Estate of the artist

 

Recorded:

Boyajian, Ani and Mark Rutkoski, eds. Stuart Davis: A Catalogue Raisonné, Volume II. New Haven: Yale University Art Gallery, 2007. Cat. no. 137, illus., p. 60

 

One of America’s most progressive champions of modern art, Stuart Davis is best known for his boldly colored, hard-edged abstractions that celebrate the American landscape and life in a proto-pop art manner. Born in Philadelphia in 1892, the artist began his career as a journalistic illustrator, and then moved into a period of Ashcan-inspired urban realism (he studied with both Robert Henri and John Sloan from 1910 to 1913). The artist’s encounter with European art at the 1913 Armory Show led him toward a different aesthetic, first into Expressionism and then later into his own particular brand of Cubism. For the most part, Davis employed his geometric cubist style to evoke the power and vibrancy of the urban landscape, particularly its industrial structures and jazz culture.

 

To a great degree, Davis’ mature aesthetic hinged on the notion of the drawn line. The artist himself considered his paintings to be drawings in oil, an interpretation that is supported by the flat colors and discrete shapes of his compositions. Another of Davis’ most distinctive characteristics was his fascination with commercial labels and packaging. Initially using typography as an indicator of a streetscape, Davis eventually developed this interest in a more formal direction, using letters and words in his paintings as structural elements as well as for their associative meanings. These hallmarks of the artist’s mature style are exemplified by A Sentimental Still Life, a pen and ink drawing from 1922.

 

Separated into six squares, the drawing exhibits a narrative progression that follows a couple through the stages of a date at an outdoor café. Beginning in the upper left, Davis sets the scene, employing pared down linear elements to portray the table, chairs and signage of the café. The second square shows the first member of the party to arrive: delineated by a series of dotted lines, the woman sits patiently, legs crossed, waiting for her companion to arrive. Standing to greet him in the third frame, she raises her arms for an embrace.

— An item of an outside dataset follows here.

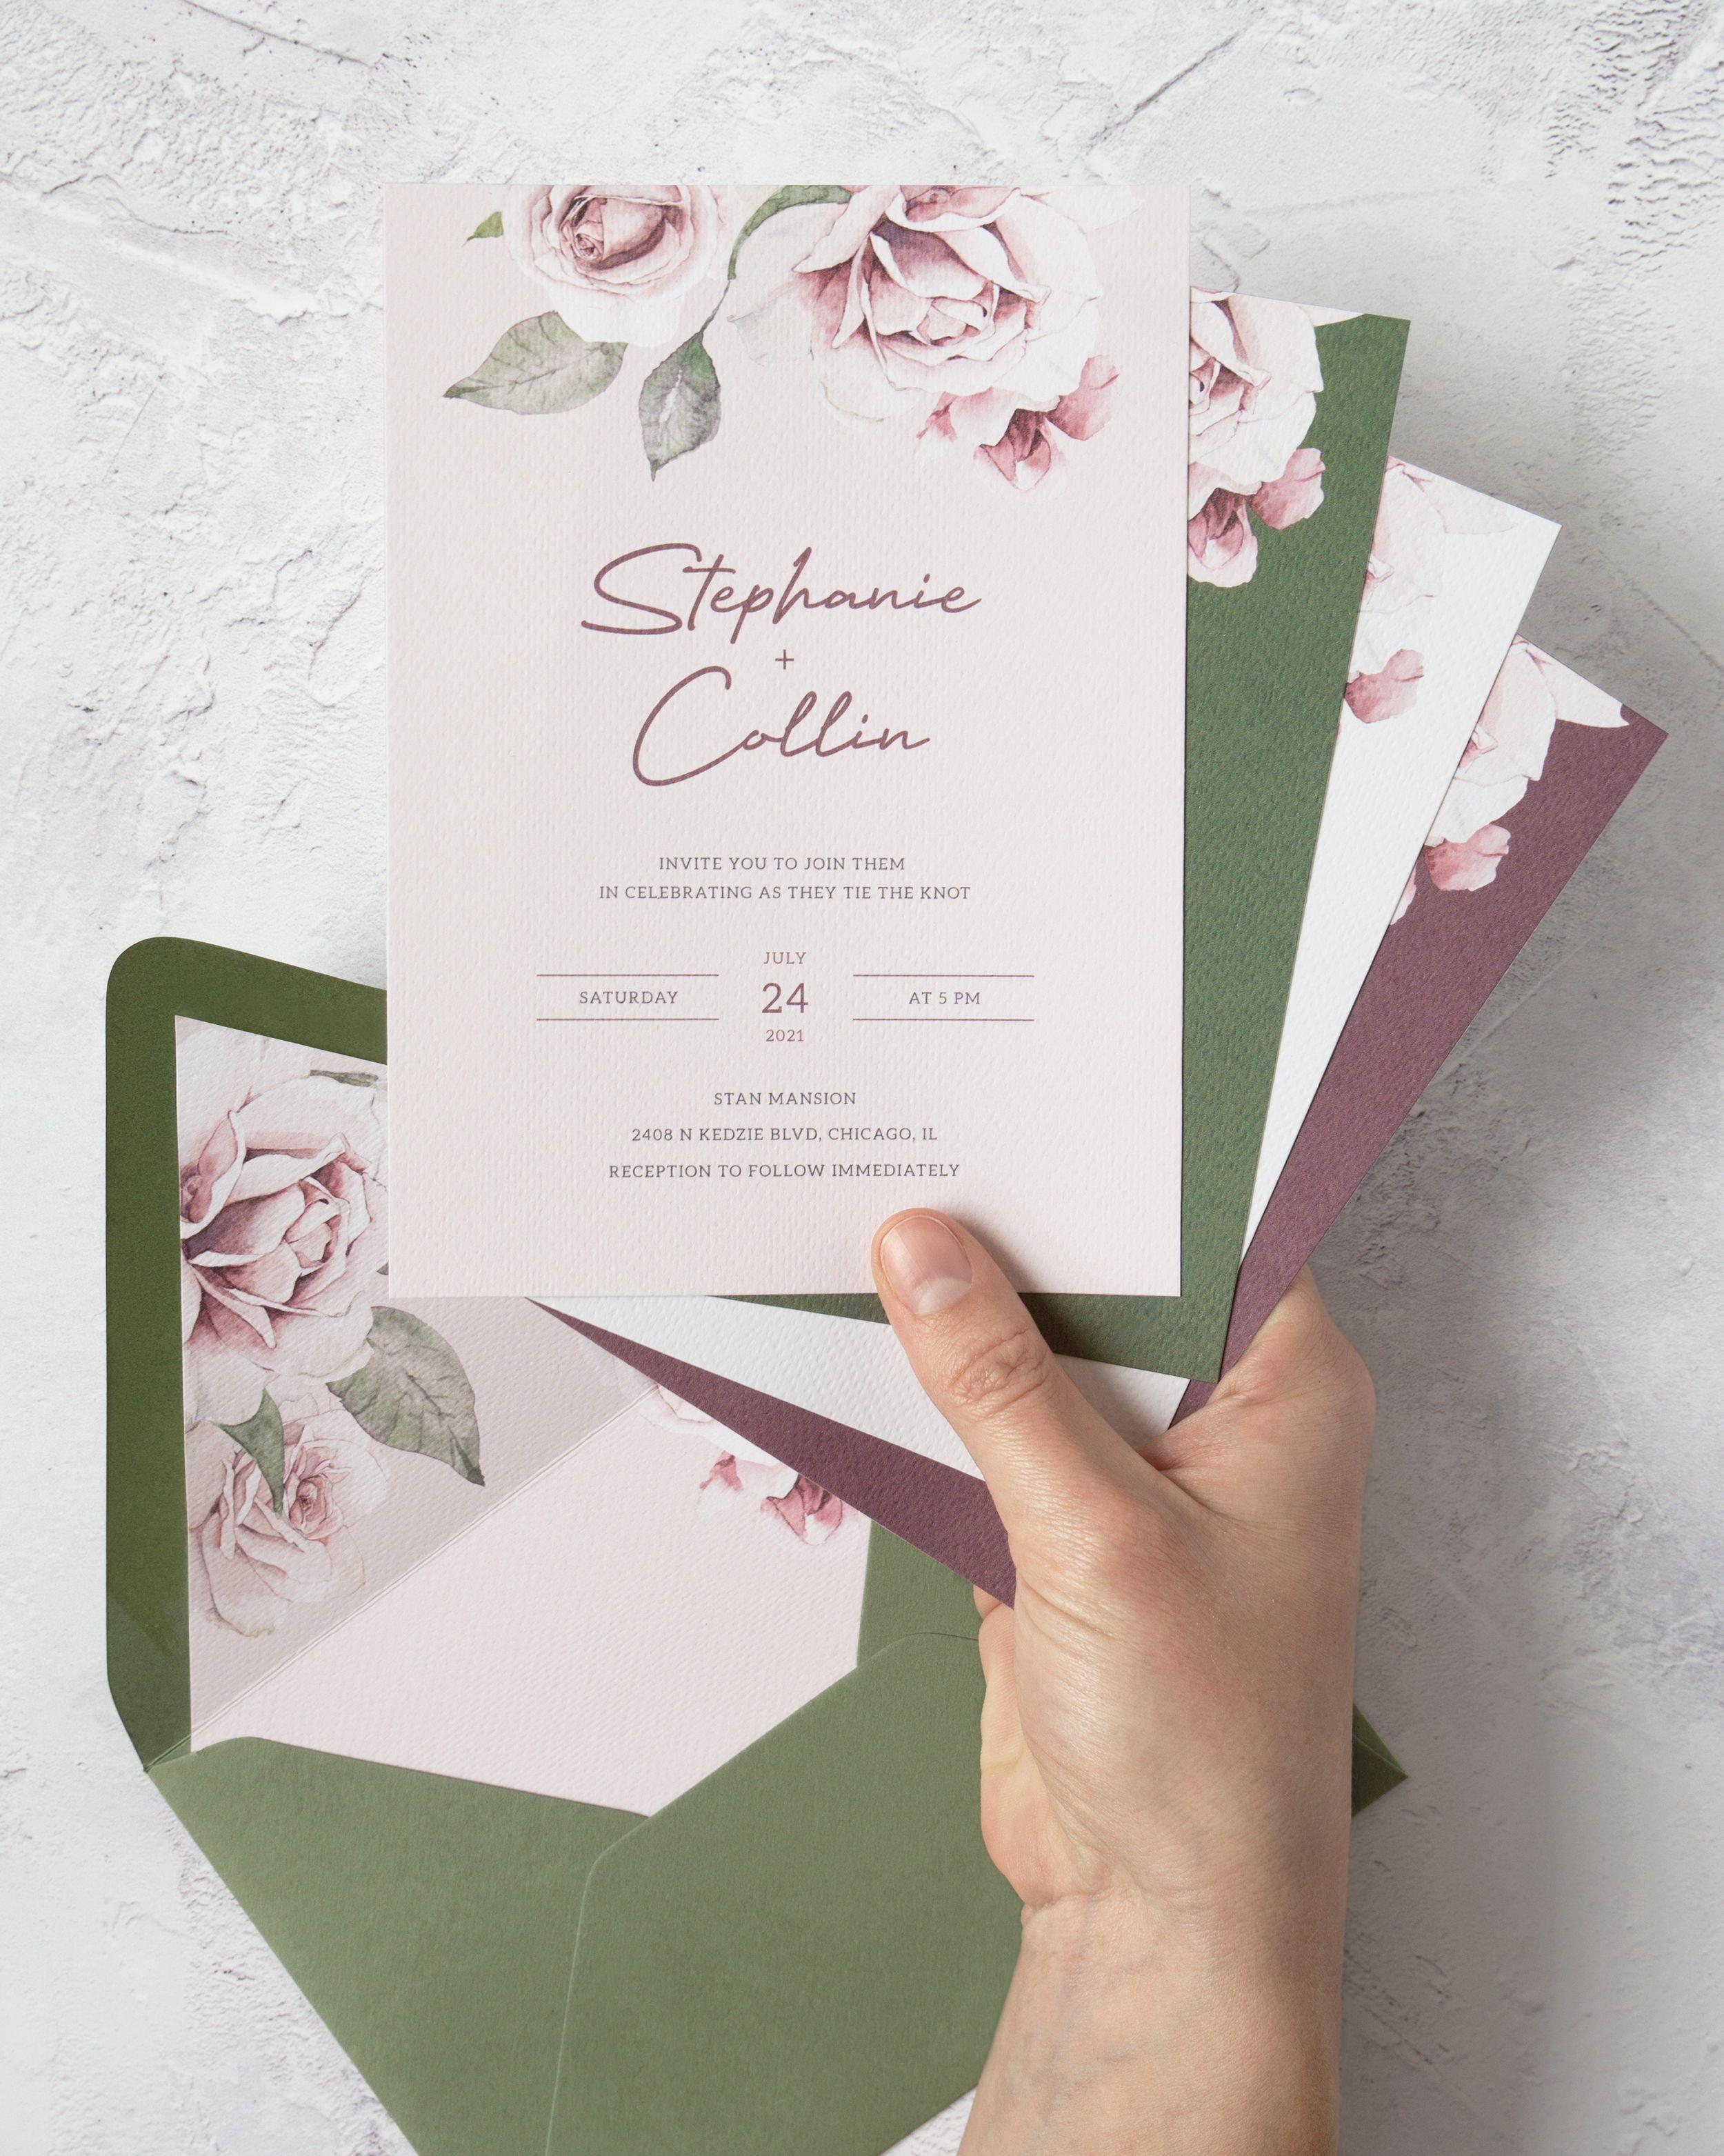 Dusty Rose Wedding Invitation Template Printable Pink Floral Etsy In 2020 Floral Wedding Invitation Card Fun Wedding Invitations Rose Wedding Invitations

Like she, the man is depicted through abstract linear components, though his are more akin to the flowing black contours of a suit. In the fourth square, he motions to the waiter for drinks, as she leans forward, head propped on her hands, gazing intently at him. In the final segment, Davis highlights the emptiness of the scene: the abandoned table, the glasses stripped of their contents, and the coins, left behind for the tip. A quirky drawing that illustrates Davis’ concern for rhythmic lines and skillful use of negative space, A Sentimental Still Life signals the direction in which Davis would take his art.